When most people think of trash, they think of the useless garbage that has no other purpose but to be thrown away. But a newly funded government project backed by the Obama administration is to be executed correctly, then trash can be a source of ethanol instead of being dumped into landfills.
The Fulcrum Sierra BioFuels project, which has a $105 million federal loan guarantee issued under the USDA’s Rural Development Biorefinery Assistance Program, will be taking household trash and converting it into ethanol at a biofuel production facility in northern Nevada. The goal is to annually convert 147,000 tons of solid waste into 10 million gallons of ethanol. The ethanol will be used for transportation fuel.

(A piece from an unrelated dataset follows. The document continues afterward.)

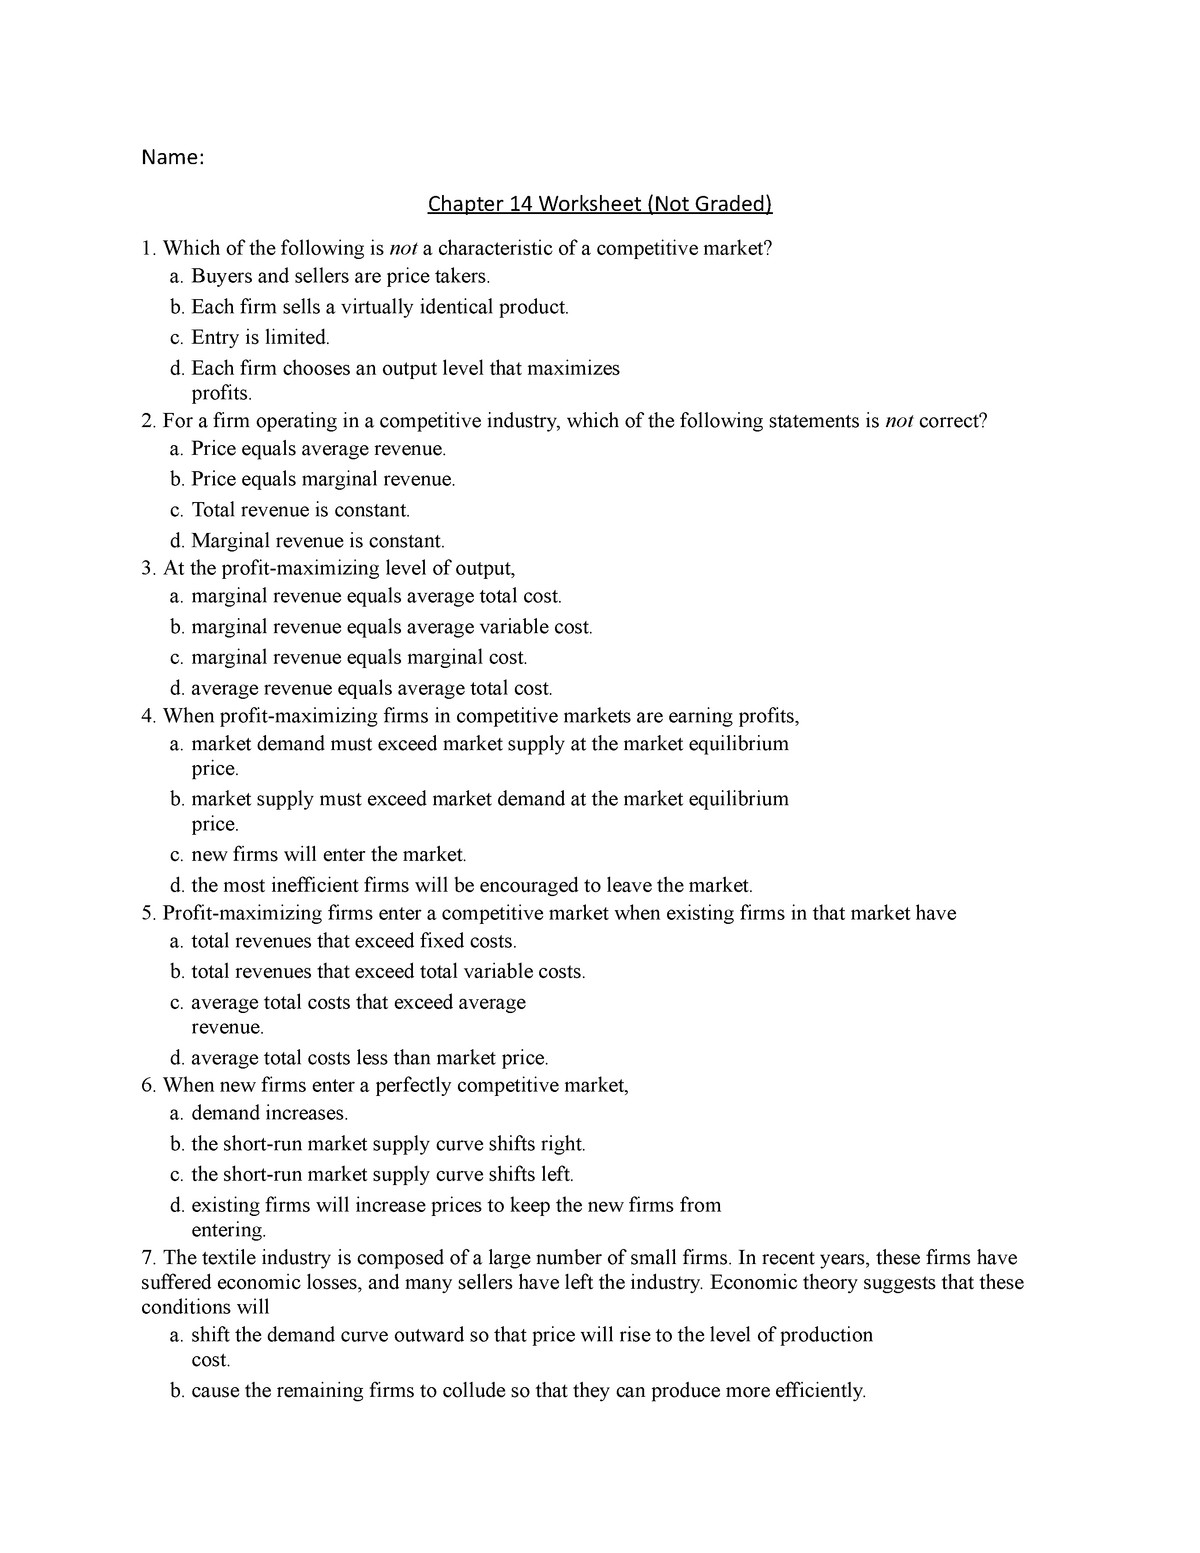 chapter-14-worksheet-not-graded-name-chapter-14-worksheet-not-graded-1-which-of-the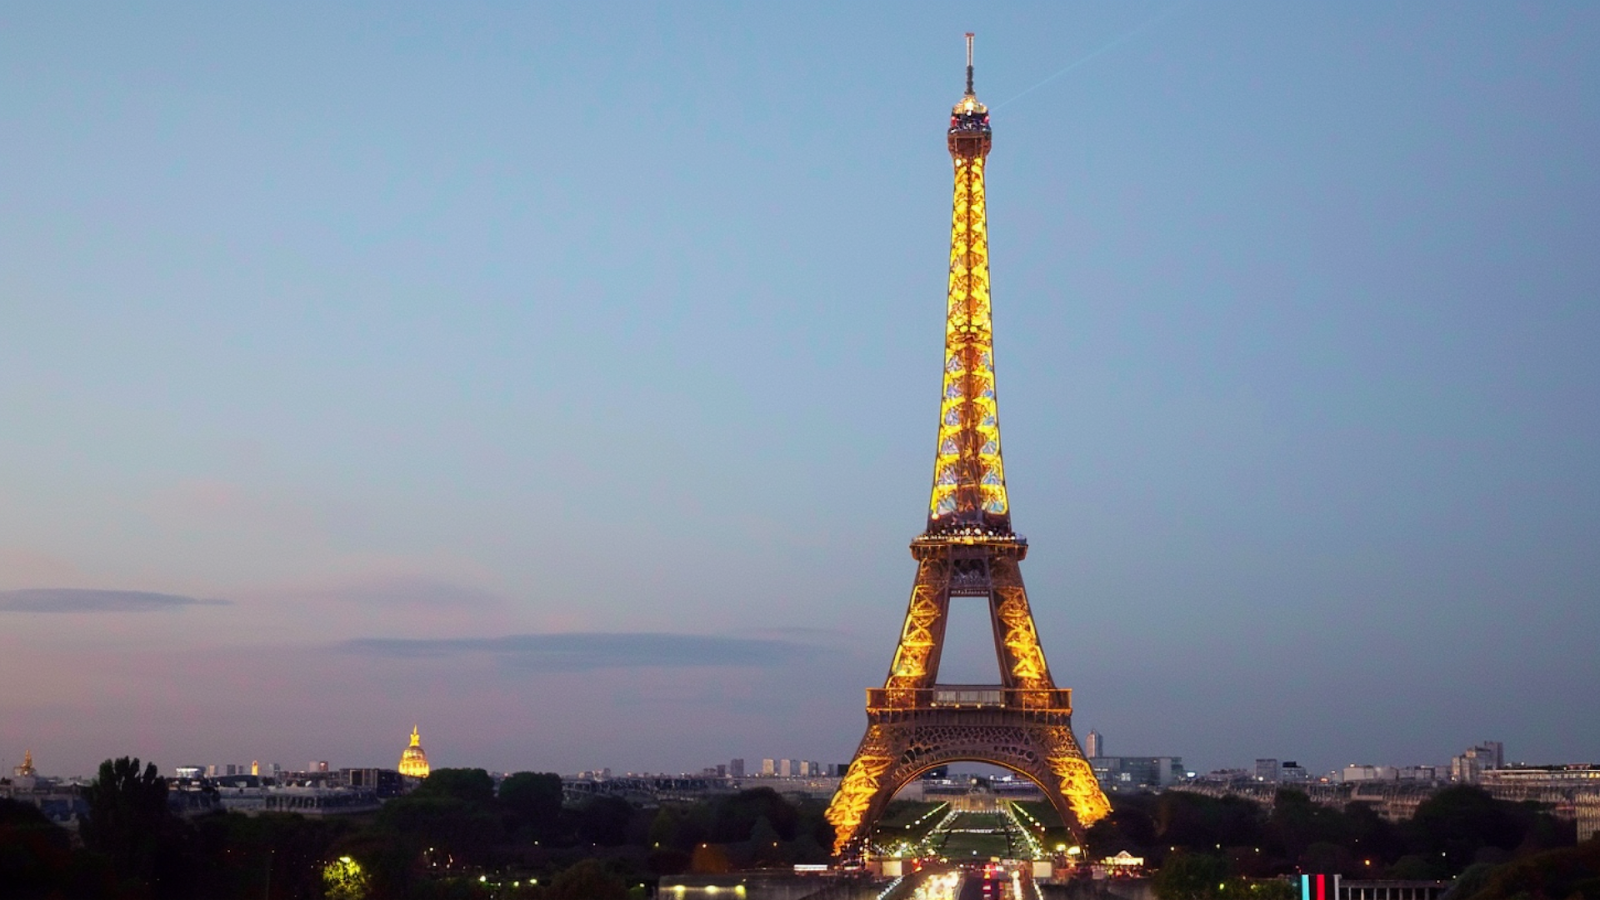 The Eiffel Tower under clear sunset skies

The benefits of this project are three-fold: It eliminates trash in a productive manner, it reduces dependence on foreign oil and it will help the local economy where the plan is located. In fact, officials predict the new plant will create 430 construction jobs and 53 permanent jobs by 2015. Another added advantage is that since the source of the fuel (the solid waste) is obtained at no cost, the cost of ethanol will be lower as well.
What’s more, if implemented worldwide, this concept of turning solid waste to fuel could change the word. In 2009 a team of scientists from Singapore and Switzerland released data (PDF) published in the journal Global Change Biology: Bioenergy that disclosed how much ethanol could potentially be created from waste. The New York Times wrote, noting that the calculations don’t account for greenhouse emissions created in the process, that:
Basing their calculations on known wood and crop waste yields, as well as estimates of gas and paper consumption in 173 countries, the group reckons there’s enough such trash to generate 82.9 billion litres of ethanol (almost 22 billion gallons) a year – “replacing 5.36 percent of gasoline consumption, with accompanying greenhouse gas emissions savings of between 29.2 percent and 86.1 percent,” the authors conclude.
So how will this whole process go down? Fulcrum has signed a contract with Waste Management and Waste Connections Inc., which will provide garbage from 19 states that have recyclables (plastics, cans, bottles and paper) removed. Trash will be converted to ethanol in the plan and then sold to Tenaska BioFuels LLC, which will then market it to blenders in the Nevada and Northern California region.
If you think this process is too good to be true, then consider this: Converting trash to gas has been tried successfully, albeit on a much smaller scale, in other parts of the country and internationally as well. In fact, in 2009, a green energy company based in Quebec successfully turned trash into fuel.